PATTON’S THIRD ARMY CROSSES RHINE

Oppenheim, Germany · March 22, 1945

On this date in 1945, one day before the British 21st Army Group under Field Marshal Ber­nard Mont­gomery was due to launch Opera­tion Plunder, the long-awaited northern offen­sive across the Rhine River at Rees and Wesel in North Rhine-West­phalia, Gen. George S. Patton sneaked a divi­sion of his U.S. Third Army across the Rhine at Oppen­heim, lower on the river and south of Mainz. (Back in Berlin, Adolf Hitler urged the Wehr­macht to attack the Allied bridgehead at Oppen­heim, only to be told that no reserve forces were avail­able to embark on such an oper­a­tion.) For the Allied high com­mand, the all-out assault across the Rhine was hugely im­por­tant because crossing the river, the his­toric boundary of Ger­man power in the west, rang the death knell on the luna­cy and besti­al­ity of Hitler’s Thou­sand Year Reich.
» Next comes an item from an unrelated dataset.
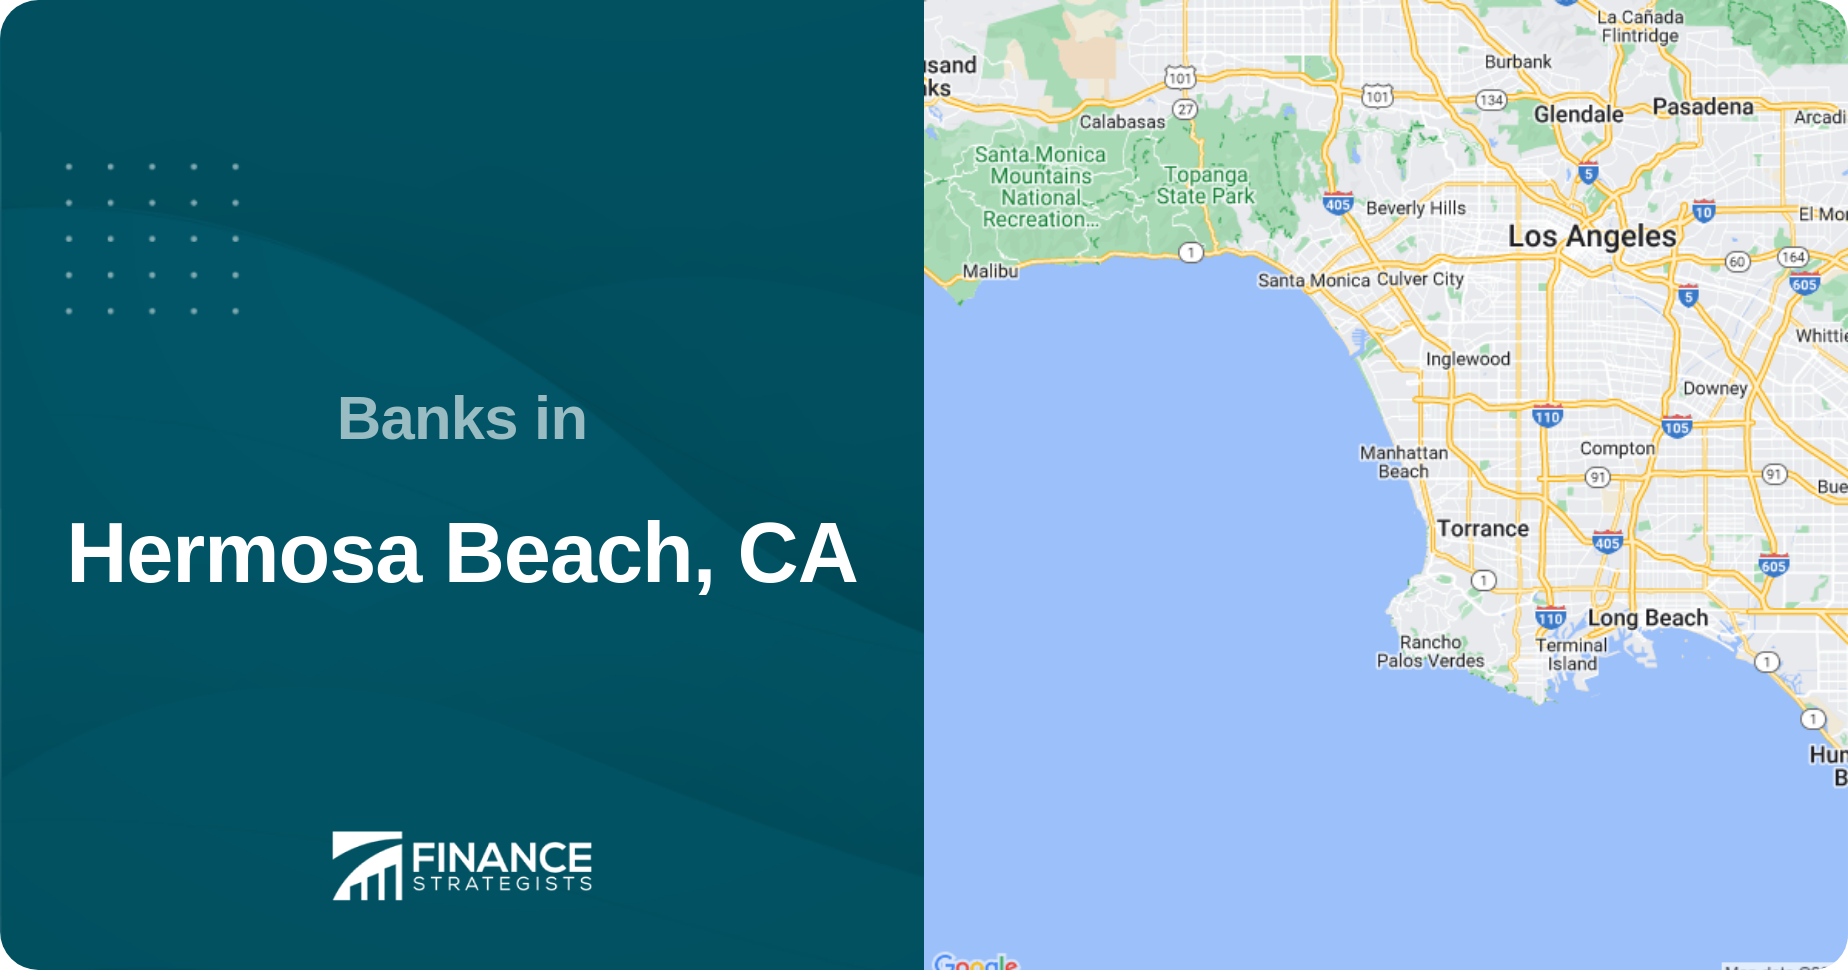 Banks in Hermosa Beach, CA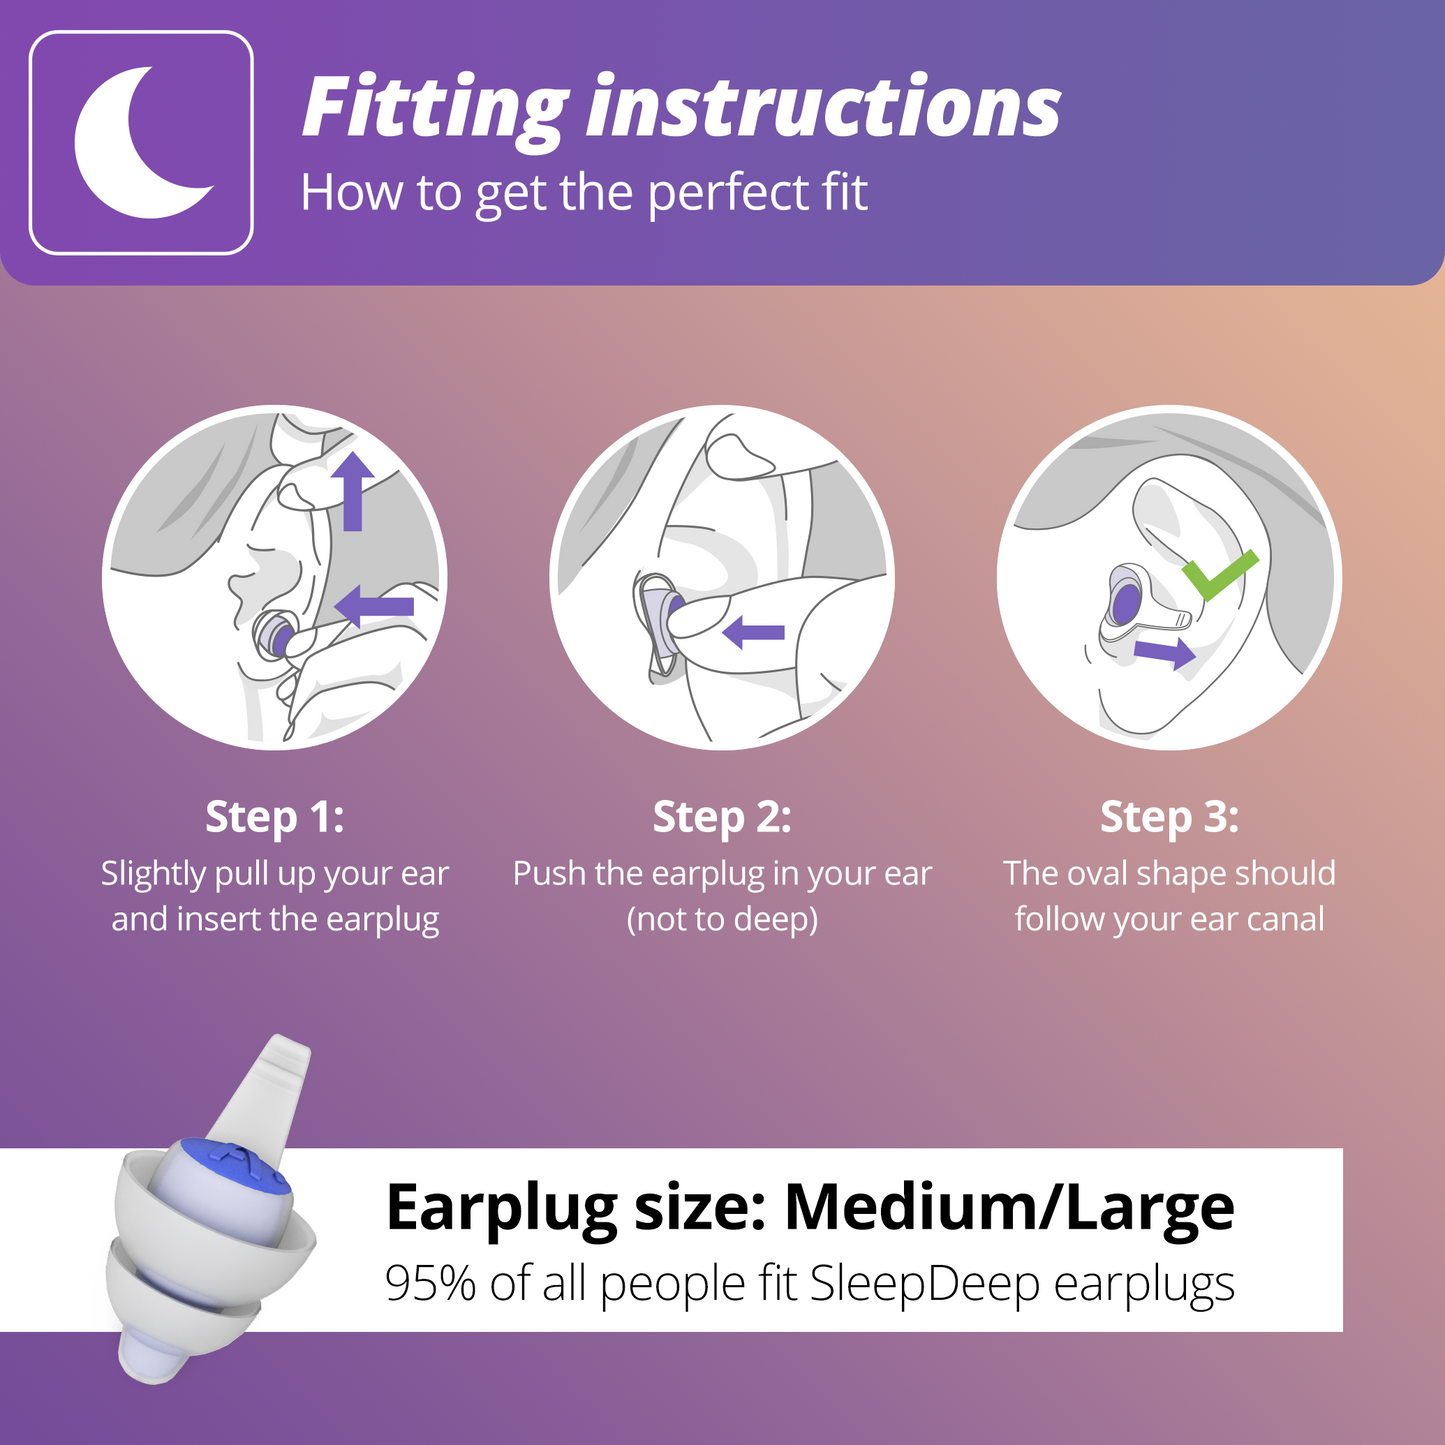 SleepDeep fitting – Alpine Hearing Protection

Even Hitler’s closest sup­porters like Hein­rich Himm­ler and Joseph Goeb­bels could clearly hear the clanging bell. Though Gen. Patton had the blessing of Twelfth Army Group head Gen. Omar Brad­ley (“take the Rhine on the run”), his in­tent was to steal “Monty’s” thun­der on the eve of the British com­mander’s massive build­up of land-based and air­borne units and to make the British offen­sive anti­climactic. (To be fair to the British 21st Army Group, their Rhine crossings were marshy (Wesel) and twice as wide, with the river carrying a far higher volume of water than the crossings con­signed to the U.S. Third and Seventh Armies and the French First Army, meaning that Mont­gomery could not possibly cross the Rhine “on the run.”) The next day Patton, showing his con­tempt for the enemy, made good on his pledge to “piss in the Rhine in a week,” which he did from a pon­toon bridge in full view of his men and news cameras. To Allied supreme com­mander Gen. Dwight D. Eisen­hower he wrote: “I have just pissed into the Rhine River. For God’s sake send some gaso­line.” Neither a patient nor defensive-minded com­mander, Patton seems not to have hindered his promo­tion to the tem­porary rank of four-star general in April by acting or remarking as he did. The gaso­line arrived and Patton’s men pressed head­long across south­ern Ger­many and into Czecho­slo­va­kia. Along the way the Third Army liberated some of the most ghastly killing and con­cen­tra­tion camps in the Reich: Ohr­druf (a subcamp of Buchen­wald), Flossenbuerg, Dachau, and Mauthausen-Gusen.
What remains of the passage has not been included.